There might also be "other things like orders taking land, warrants for people appointed to positions by the Cabinet. There's quite an agenda of things."
"Sometimes the [legislation enabling a] regulation will require consultation to have been undertaken with parties, and the Governor General might seek assurance that that has been done, and the minister often has a letter to illustrate the fact. So it's a quick process, but the Governor General's mainly involved with monitoring rather than leadership."
Sir Anand describes this as "governance". The Governor General, as the name suggests, undertakes a form of governance over the government.
The role is sometimes described as a 'rubber stamp'. But it's not that automatic: there is a conversation that happens wherein ministers satisfy the Governor with what they're doing, why they're doing it, and why this is the right thing to do.
"It's an easy stone to throw to say that the Governor General is just a rubber stamp, or as it has been put colourfully elsewhere, 'a nodding automaton'. I think in a country like New Zealand, everyone would expect that the Governor General would simply not just sign automatically everything put in front of them. They have a right to expect some examination of 'why'."

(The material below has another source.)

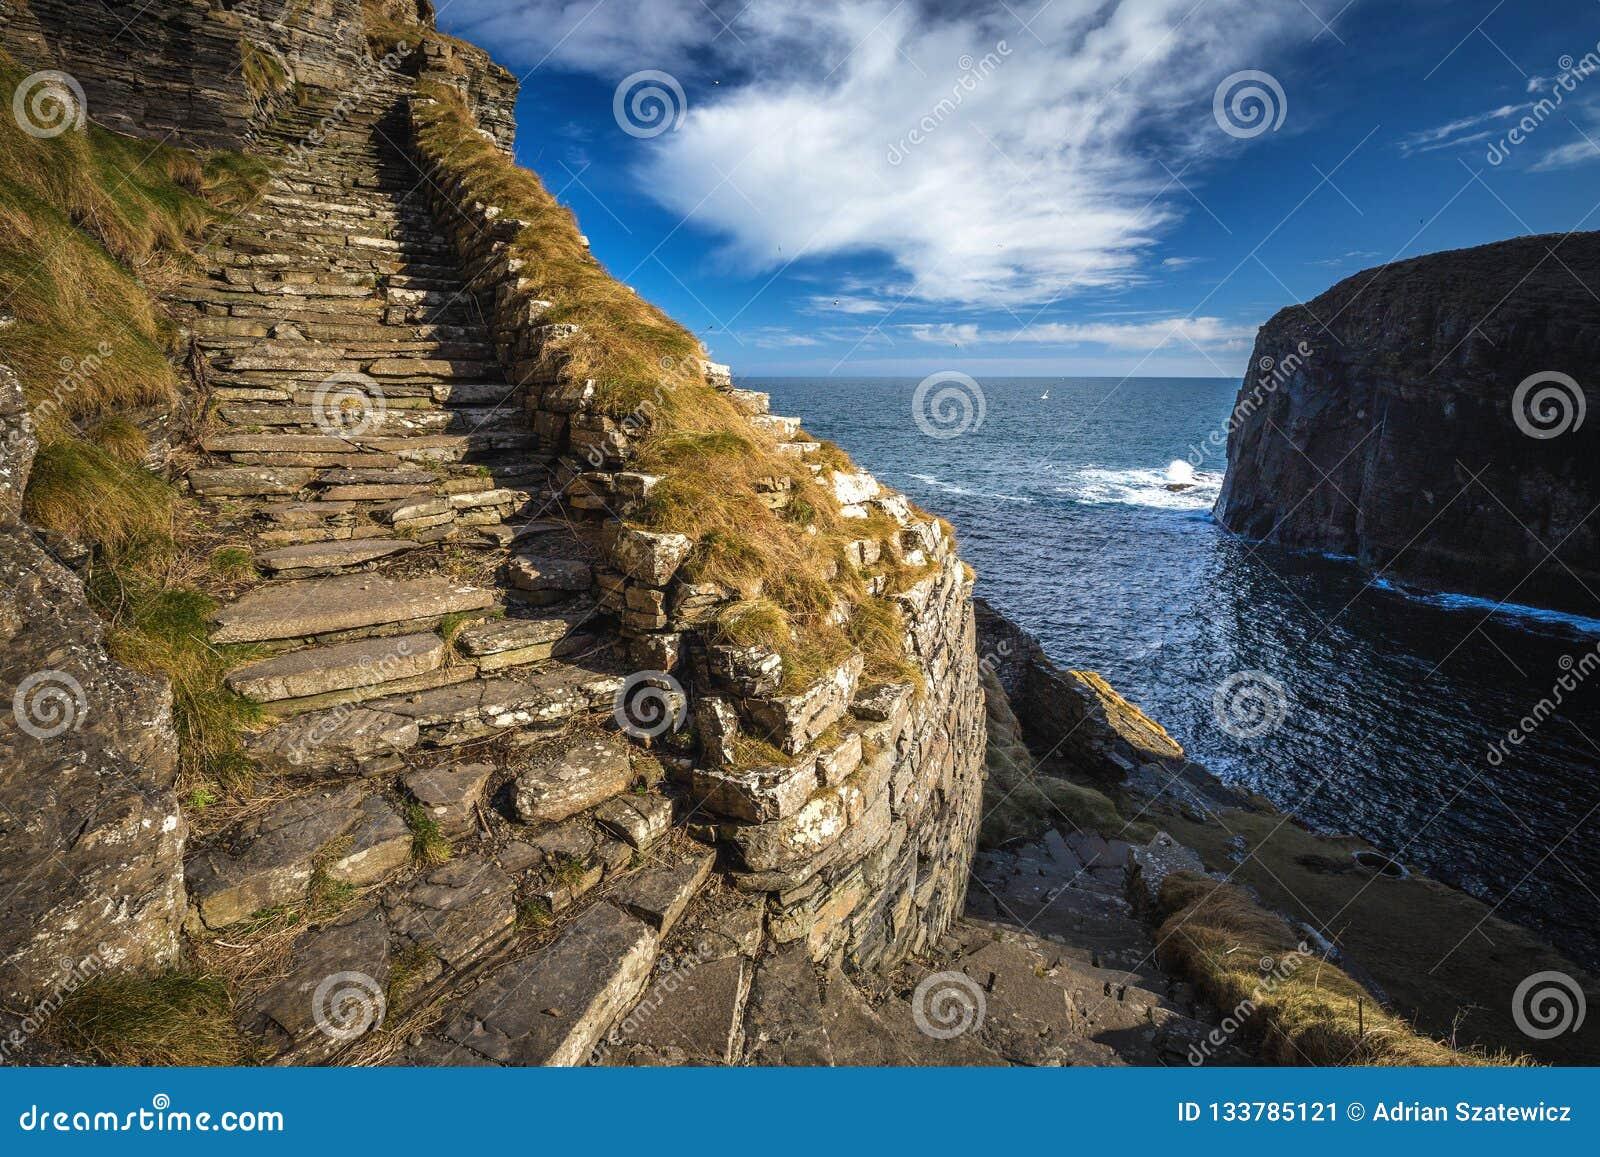 Whaligoe steps, Highlands of Scotland

Sir Anand agrees that Kiwis aren't predisposed to doing what we're told without asking questions. Australians are similarly testing, but I get the idea that in this regard, things may be done less formally here.

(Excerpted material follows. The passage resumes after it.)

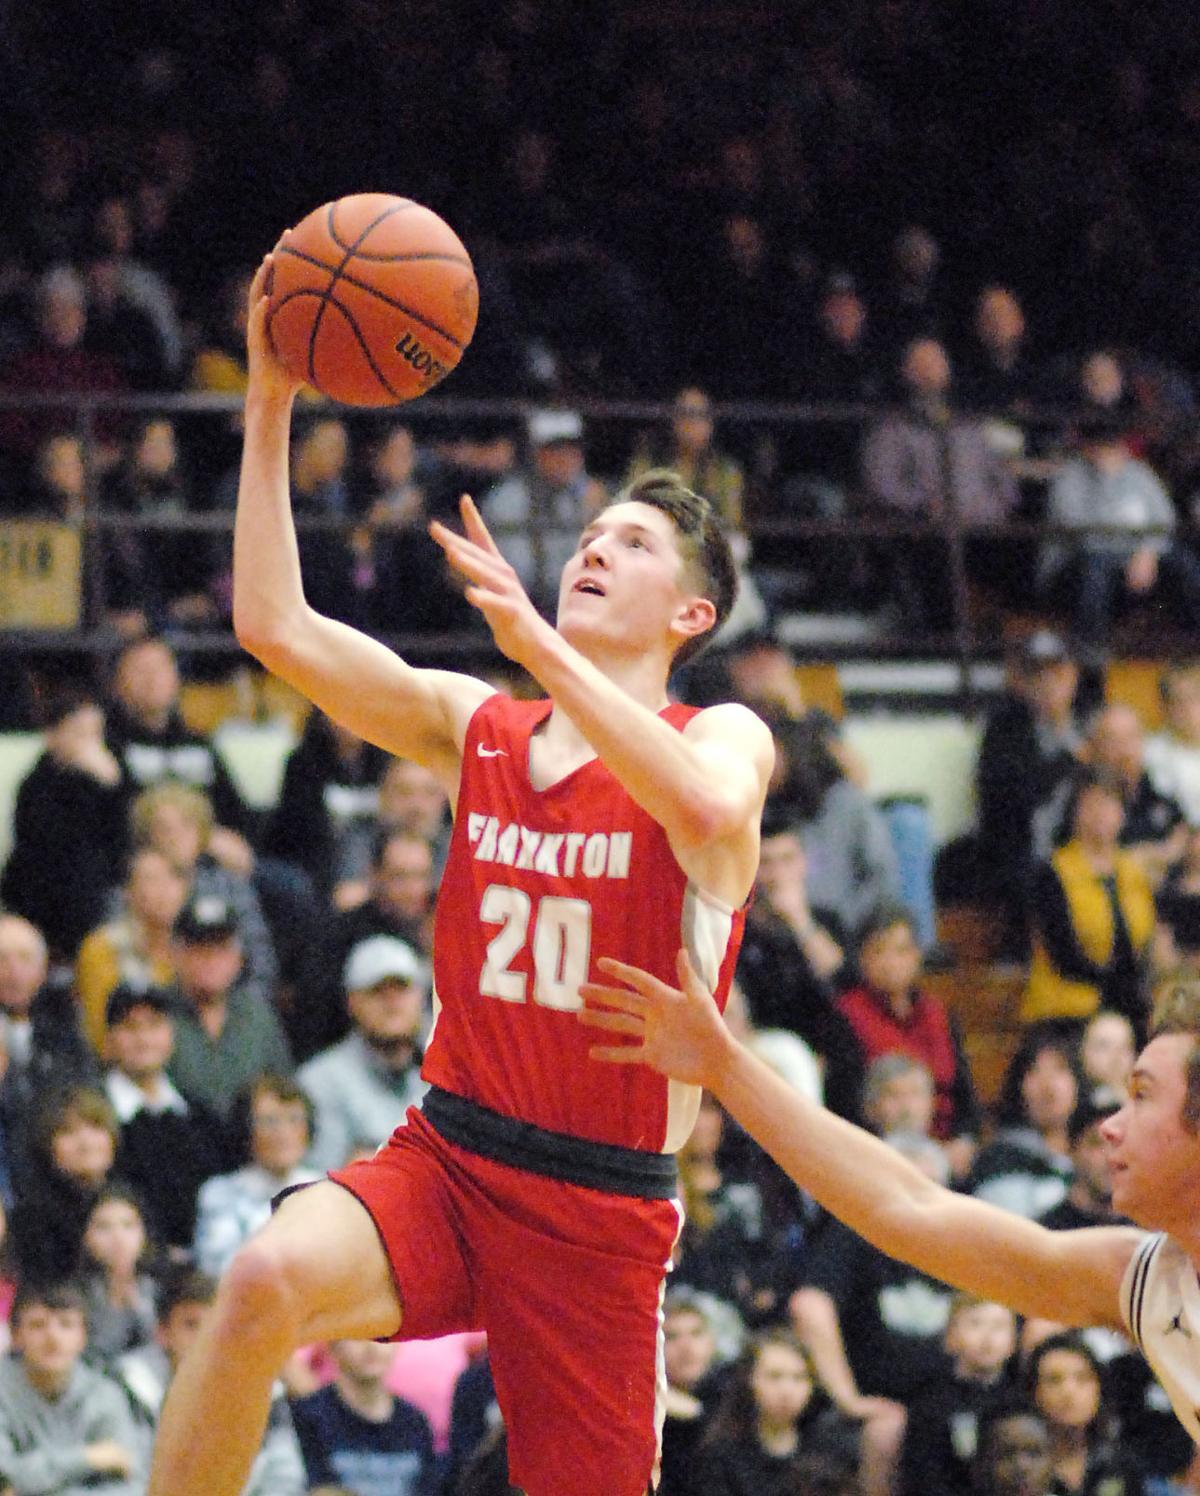 Frankton Basketball

"There was a good statement made by a former Governor General of Australia, Sir William Dean, whose writings I followed keenly when I was in office. And he said, 'the Governor General is entitled to raise concerns and to explore issues of national importance, but not to debate solutions, for solutions are the domain of the politicians'."
"For someone of my legal and judicial background, asking questions came easily, and it was comfortable to leave the solutions to politicians."